6. qPCR Validation of the Remaining Sequence
NOTE: This step requires primers validated and PCR conditions established in step 5.
7. Repeat with a New Reference to Pare Down the Data.
NOTE: If step 6 validated the identified sequences from T, end the cycle here (Figure 2A). However, a variety of considerations may motivate a continuation of the cycle, for example if many R sequences remain in the file or if none of the candidate T sequences were validated by qPCR in step 6.
After running BLAST, the output file will have a list of sequences from the query that match the database.
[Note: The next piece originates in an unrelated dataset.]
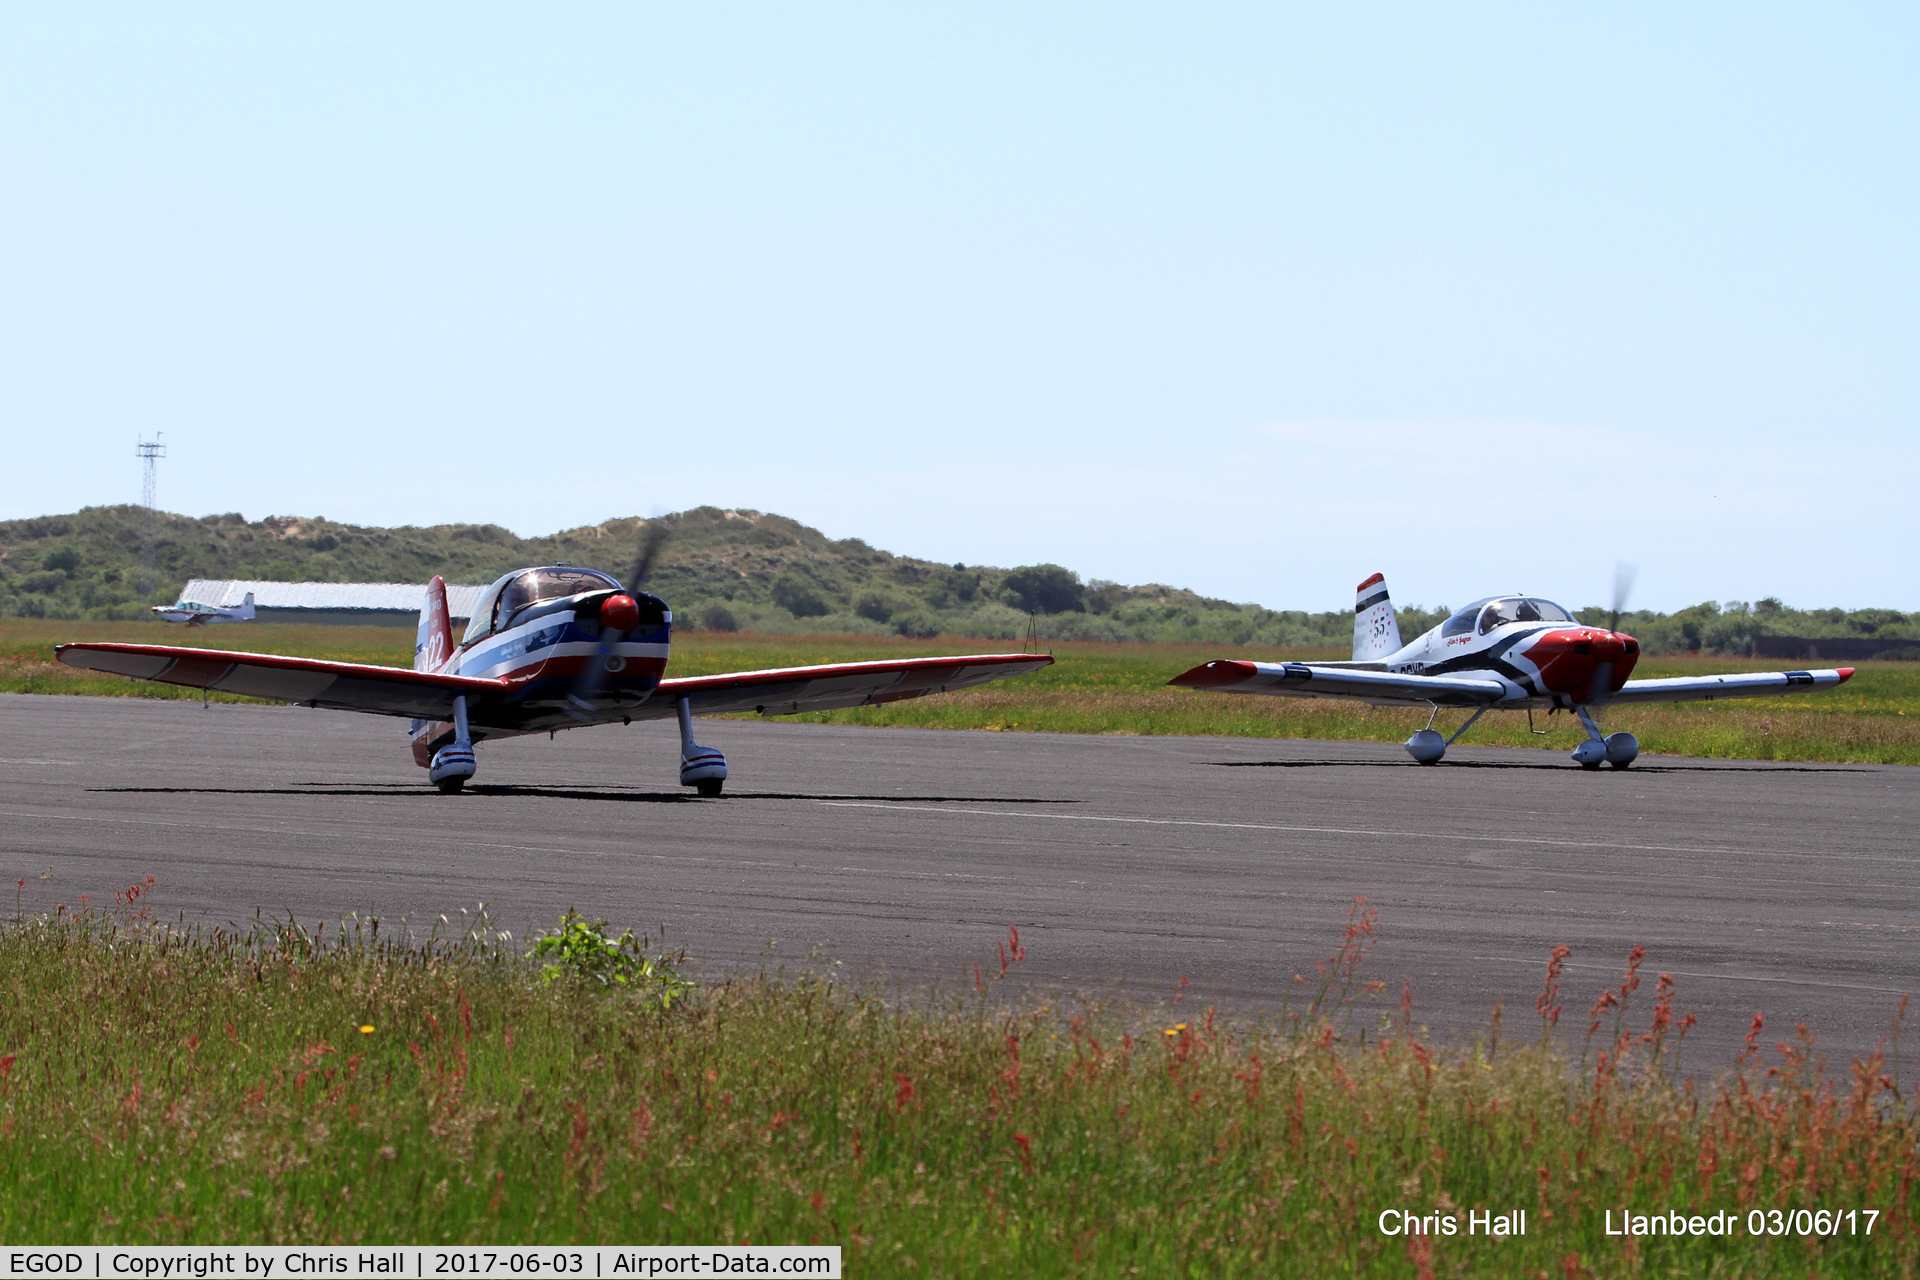 Llanbedr Airport, Llanbedr, Wales United Kingdom (EGOD) - Royal Aero Club 3Rs air race at Llanbedr

After Python subtraction, a number of nonmatching sequences will be obtained, and tested by qPCR. The results of this, and next steps, are discussed below.
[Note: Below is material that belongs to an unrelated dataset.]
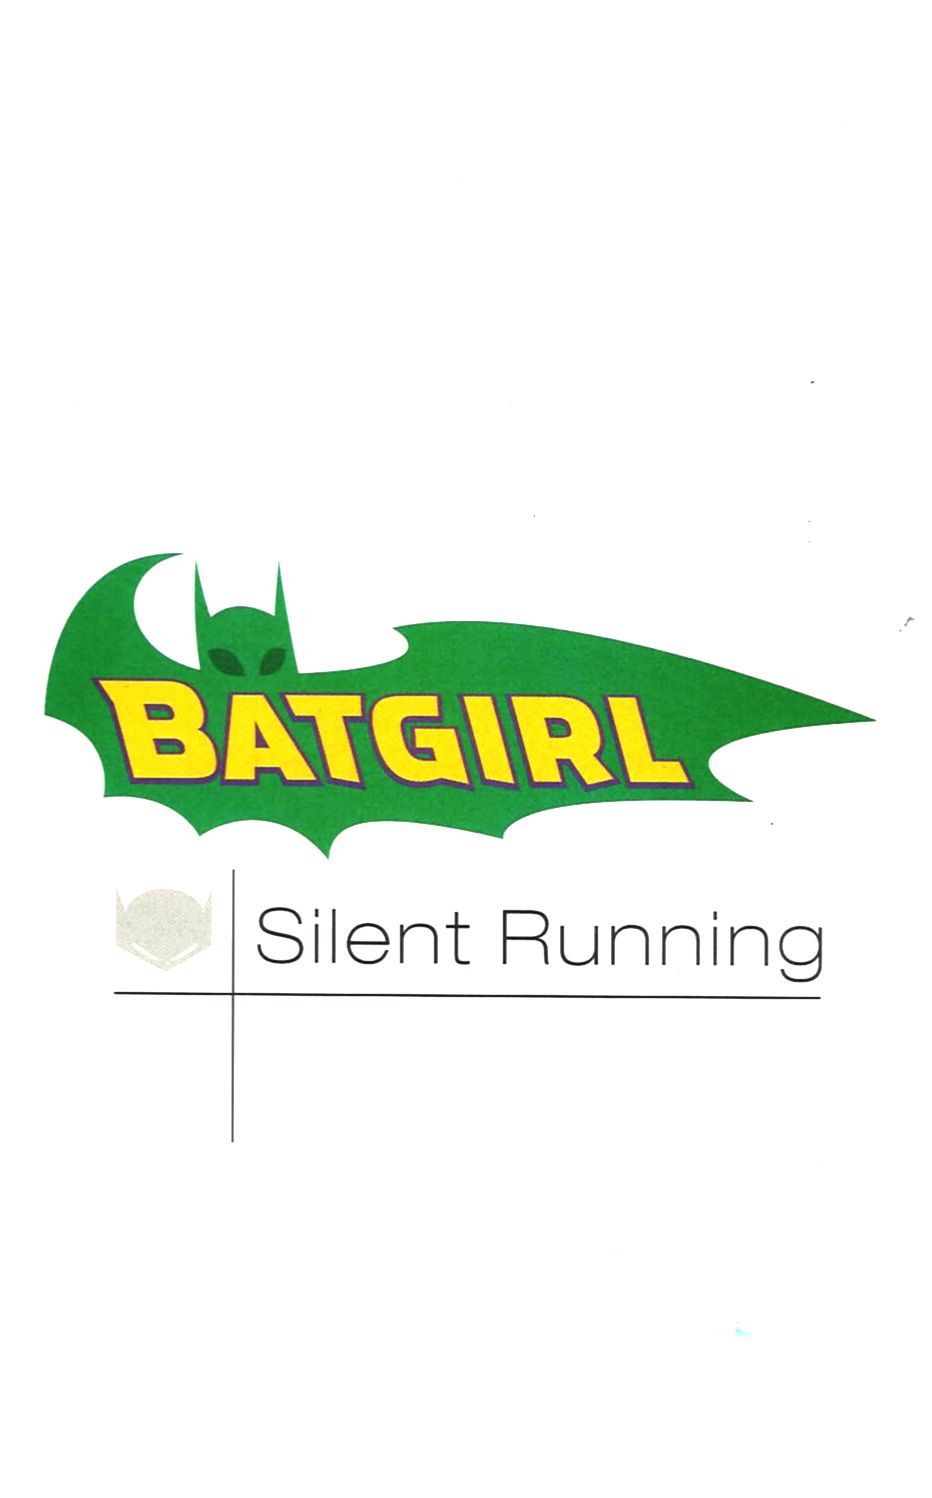 SilentRunning001 Batgirl   Silent Running

Negative result. There are two possible negative results that can be seen after BLAST to the reference sequence. There may be no BLAST results, meaning that the total sequence does not have any similar sequences to the reference. This may be an error in selecting the right reference sequence for the sample sequenced. Another possibility is that there are no unique sequences in the starting assembly (everything is subtracted away), therefore no genes are found for the sequence of interest. Check where the reference came from and ensure that it is not the same tissue as the query assembly.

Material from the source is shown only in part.